20 Jun 2014, 18:16 — 7 min read
If you’re a small or medium-sized business, your needs are quite different from those of larger multinational or national level businesses with greater resources and deeper pockets. Often, you are in competition with such businesses and you need to beat them to the customer’s wallet by using all your agility, ingenuity and speed of doing business. The challenge is therefore not to think like your large competitors. Think not like Goliath but like David.
Here’s how the concept of ‘Jugaad Innovation’ can help you expand your business and create a lucrative niche for yourself in today’s challenging and highly unpredictable environment.
1. Think 'just enough' strategies
Often, companies are so hell-bent on creating the perfect product for a customer that they sometimes lose sight of what features and functions the customer is actually going to use. Keeping an eye on precisely that helps not only reduce development times enabling products to get to market faster, it also decreases development costs and best of all, it plugs into the need gap at the right price. There’s plenty of opportunity in adversity.
For example, Yes Bank, a leading private bank in India, uses a mobile payment solution that allows money transfer via mobile phones, dispensing with the need for a bank account. This allows economically-marginalised villagers in remote parts of the country to access this service given that mobile penetration in India is very high (India is the world's second largest mobile phone market in terms of subscribers, with a total of 861.66 million mobile connections as on February 2013, as per Telecom Regulatory Authority of India.)
2. Develop less expensive, ingenious solutions
Jugaad means doing more with less.
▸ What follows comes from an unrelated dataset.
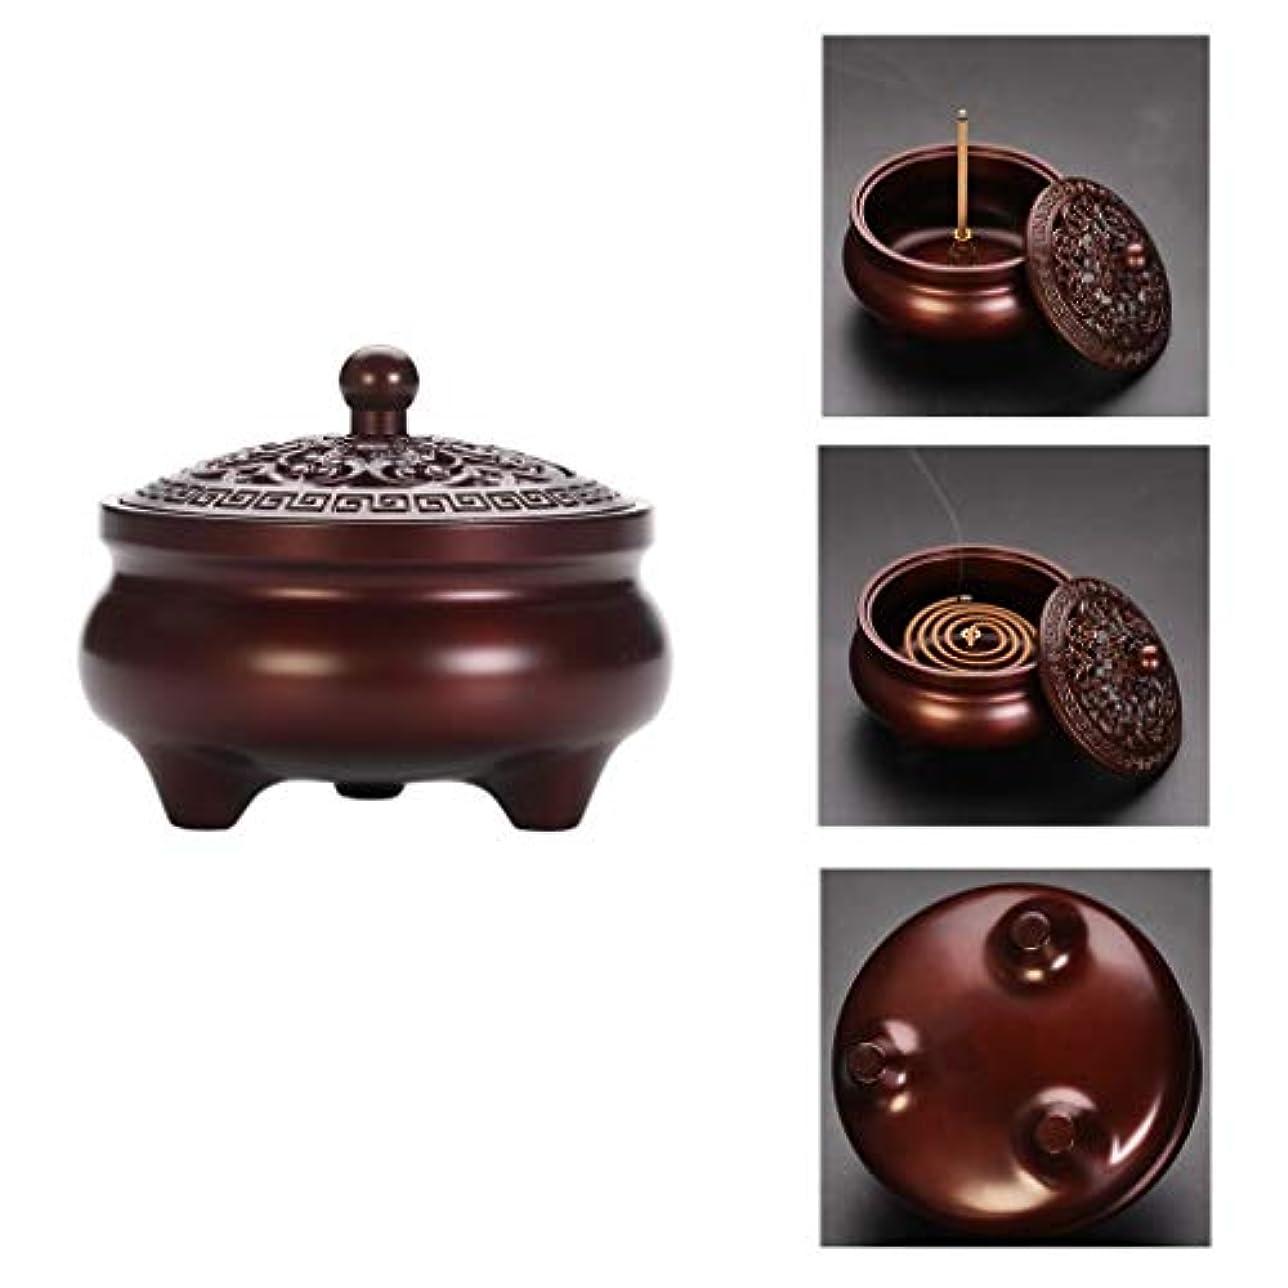 芳香器?アロマバーナー 純銅製メカニズム香炉シンプルでエレガントな香炉内三脚アロマセラピー炉 アロマバーナー (Color : Purple Lotus)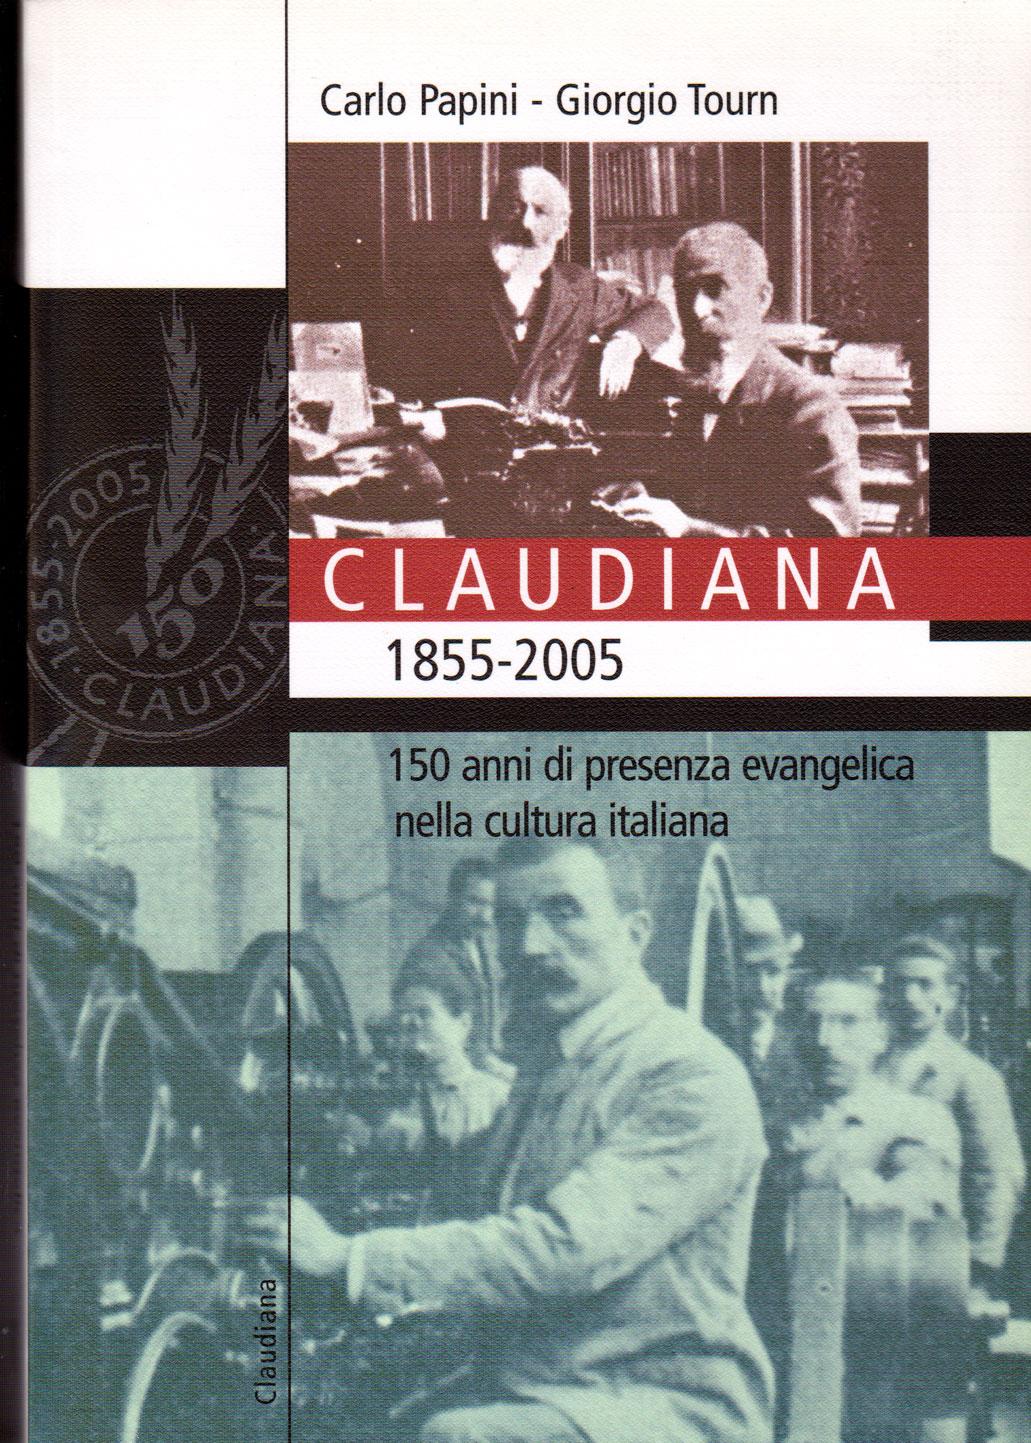 150 anni di presenza evangelica nella cultura italiana

Often the solutions offered by the developed world just don’t work for lesser affluent communities. Understand who your market really is and create solutions that work for your markets.
Take the example of Embrace that has used just this principle to come up with a revolutionary product and business. Each year nearly twenty million babies are born prematurely, with a low birth weight, of which four million die. Of those who survive, many suffer from low IQ, diabetes and heart ailments. According to WHO, 75% of these babies can be saved simply if they could be kept warm. Safe and effective incubators made in the West cost megadollars (USD 20,000) and also need electricity, both of which are in short supply in developing nations.
Embrace developed a portable, low-cost incubator (USD 200) that needs just thirty minutes of electrical heating to keep the pouch warm for up to six hours at body temperatures. More usability at one percent of the cost!
21-year-old Yuri Malina co-founded Design for America and along with his DFA team, collaborated with a local Chicago hospital to design a portable ‘roll-on’ hand sanitizer that costs only USD 1.50 per unit and allows busy physicians and nurses the ability to clean their hands on the go. This is especially relevant in a context where nearly two million people get infected in the US during hospital visits and nearly a hundred thousand lives are lost.
3. Be flexible
The advantage in being small is that you can be more responsive to the needs of your customers and move quickly to find solutions. Learn from Google. The giant has structured itself as a flexible and dynamic network of small teams quick to sense and respond to the changing needs of the market. According to executive chairman Eric Schmidt, Google doesn’t have a two-year plan. Instead it has a ‘next-week’ plan.
Even with Embrace, being flexible in response to the customer’s needs meant changing the product. Initially, the product was planned for local hospitals. However on a trip to Nepal, the team realised that most premature babies are born at home in villages with little access to medical care. Accordingly, they created an infant warmer pouch that individual mothers could use. That’s jugaad rising to the occasion and being responsive to the customer’s requirements.
4. Keep it simple
The customer has finite resources, yet he wants the convenience and utility of a particular service or product. He needs you to innovate and give him what he needs in a simple and usable manner, no fuss, no frills.
Mansukh Prajapati, an entrepreneur in a remote desert area of western India, has used this principle to create ‘Mitticool”, a terracotta refrigerator that works without electricity. From a long line of potters, Mansukh bhai understands clay thoroughly and was able to use this inexpensive material to innovate smartly. Mitticool uses the cooling power of clay and evaporation to keep water, vegetables and dairy products cool, without electricity, at just USD 40! Plus it is completely biodegradable.
5. Say “Yes!” to the margin
Today’s jugaad solutions are inclusive and offer services to market segments that larger companies can’t service and therefore ignore.
Harish Hande set up Selco to provide rural communities with power. However, the challenge was not that easy as he realised that his potential customers couldn’t afford to buy and install his solar lighting systems upfront. Neither was there any economical way of maintaining them across a cluster of villages. His solution: To create a rural network of small-scale entrepreneurs who own and maintain the batteries and rent them out to customers on a pay-per-use model. Today, Selco has more than 125,000 households who use their solar lighting.
6. Go with your gut
Navigating an environment that is unpredictable, needs more than analysis. Jugaad innovators rely more on their intuition, which stems from being immersed in their customer’s needs and therefore being highly sensitive to what is likely to work. The lesson is in knowing your customer and the context in which he will use your product or service, so well, that you instinctively know the answers. Come out of the lab into the market and from there into the customer’s life – there is no better way to be successful.